AWS open source news and updates #80
September 6th, 2021 - Instalment #80
Newsletter #80.
So what delights does #80 of this newsletter offer this week? We have plenty of new open source projects, such as aws-o11y-recipes (observability recipes), dassana-io (contextual alerts), sgCheckup (security), aws-lambda-scheduler (developer tool to simplify scheduling of AWS Lambda functions), aacli (AWS cli authentication/SSO) as well as Terraform modules and AWS open source solutions covering Hugging Face, reporting on your AWS accounts and more. If you are more interesting in blog posts covering open source topics, we have posts from the AWS and community covering OpenSearch, GraphQL, Flutter, Apache Airflow, Debezium, Apache Kafka, Kubernetes, Packer, OpenTelemetry and many more. We also have a round up of posts covering last weeks GA announcement of Grafana.
Job of the week
Principal Developer Advocate - Java Specialist
A new opening in my team has come up, for anyone in the Cambridge/Boston area in the US. As a Principal Developer Advocate in the AWS Developer Relations organisation, you will work to earn trust with Enterprise developers and the broader Java community through your technical leadership and expertise. This is a high-impact role that’s well-suited to someone with domain-specific technical experience that enjoys sharing what they have learned in order to help users solve their technical issues and overcome any challenges they face. You will have the ability to influence and educate customers at every stage of their experience with technologies such as OpenJDK, Serverless, Containers, DevOps tools and more.
Celebrating open source contributors
The articles posted in this series are only possible thanks to contributors and project maintainers and so I would like to shout out and thank those folks who really do power open source and enable us all to build on top of what they have created.

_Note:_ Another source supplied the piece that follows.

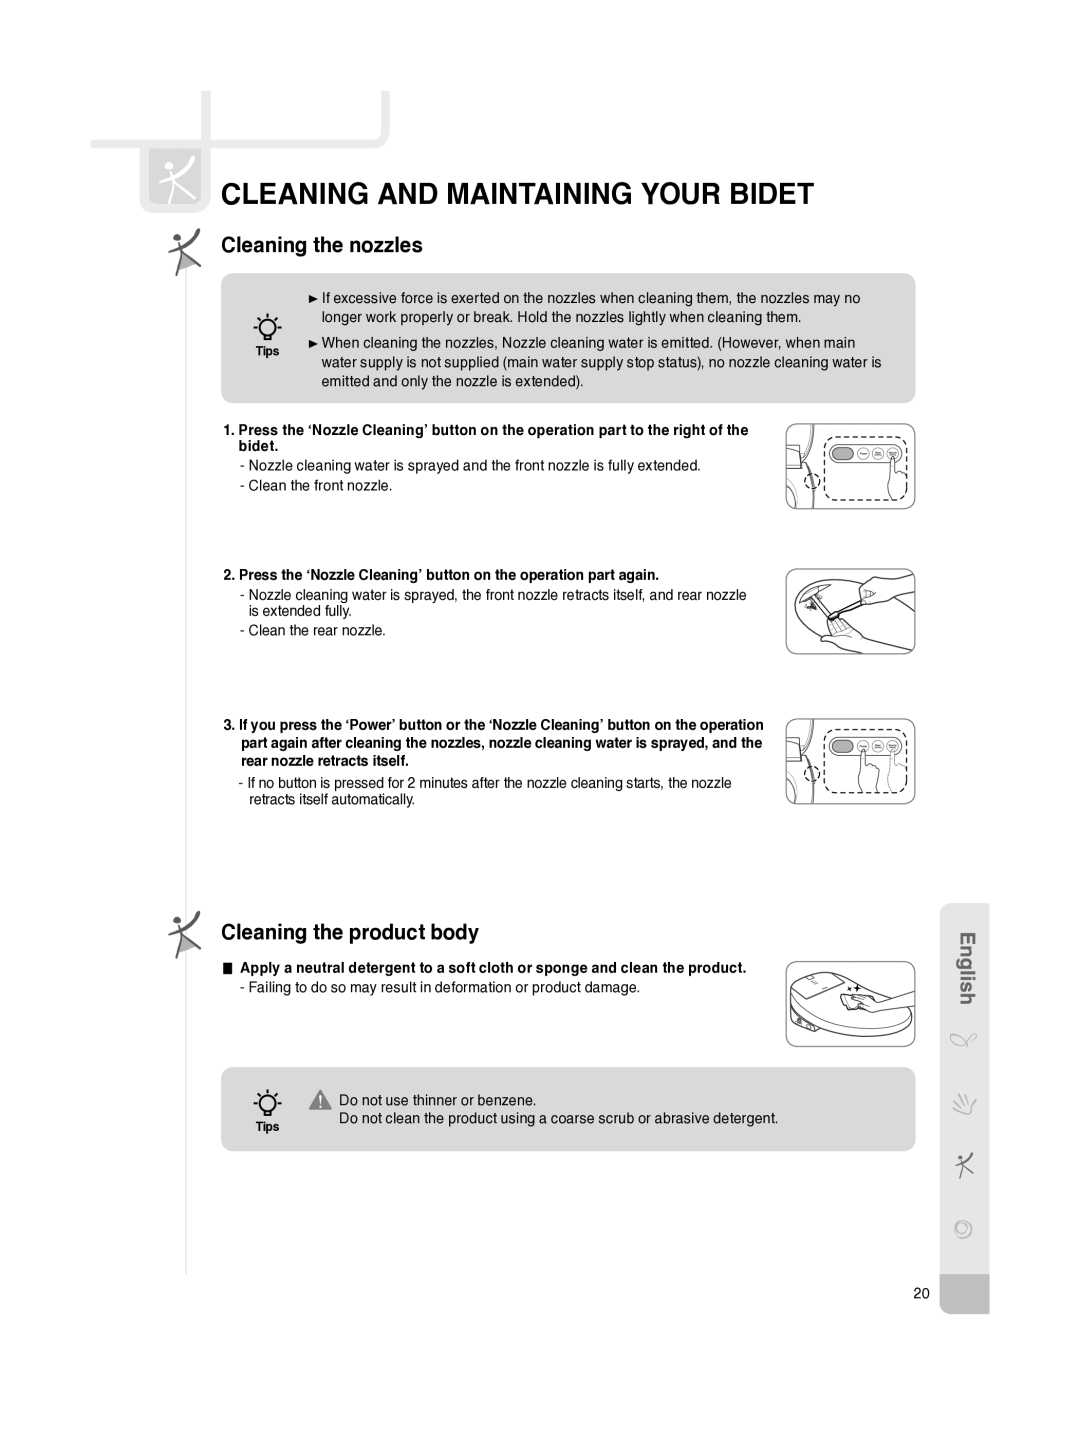 Coway BA13-AE, BA13-BE, BA13-BR manual Cleaning and maintaining your bidet, Cleaning the nozzles, Cleaning the product body 
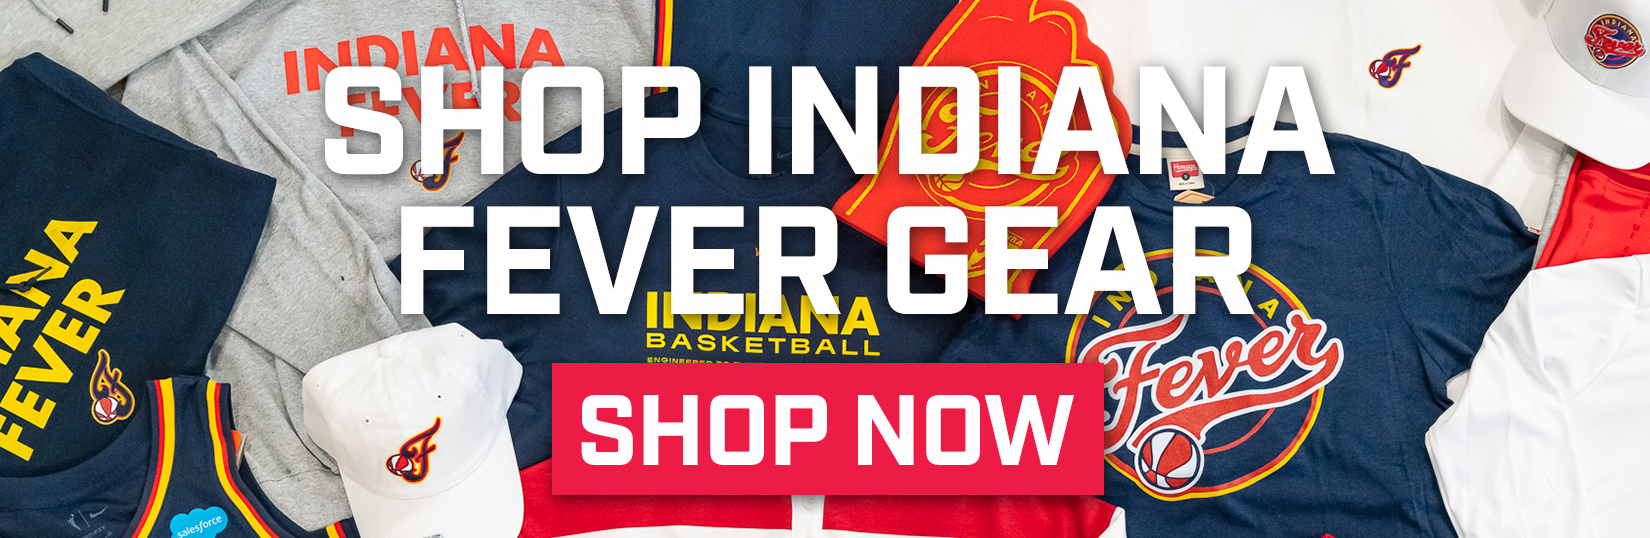 Shop Indiana Fever Gear - SHOP NOW

So thank you to the following open source heroes: Oğuzhan Yılmaz, Michael Walmsley, Bhuvanesh R, Derek Bingham, Ankit Anand, Gold Fig Labs, Arkady Titenko, Oren Leung, Francesco Canessa, Eddie Pick, Dhawalkumar Patel, Kapil Shardha, Aravind Singirikonda, Juan Lamadrid, Andrew Hopp, Nicholas Knize, Pavan Kumar Sunder, Jon Slominski, Roy Kincaid, Eric Robertson, Ali Spittel, Aaron Todd, Ian Botsford, Ken Gilmer, Nicki Stone, John Woo, Gopalakrishnan Subramanian, Satheesh Kumar, Alolita Sharma, Nizar Tyrewall, Imaya Kumar Jagannathan, Michael Hausenblas, Danilo Poccia, Julia Hu, Matthieu Fuzellier, Srikanth Kodali, Yuxin Yang, Sheetal Joshi, Mike Stefaniak, Jayanth Varavani, Vimal Bagmar, Waleed Sarwari, and Santosh Vallurupalli.
Make sure you find and follow these builders and keep up to date with their open source projects and contributions.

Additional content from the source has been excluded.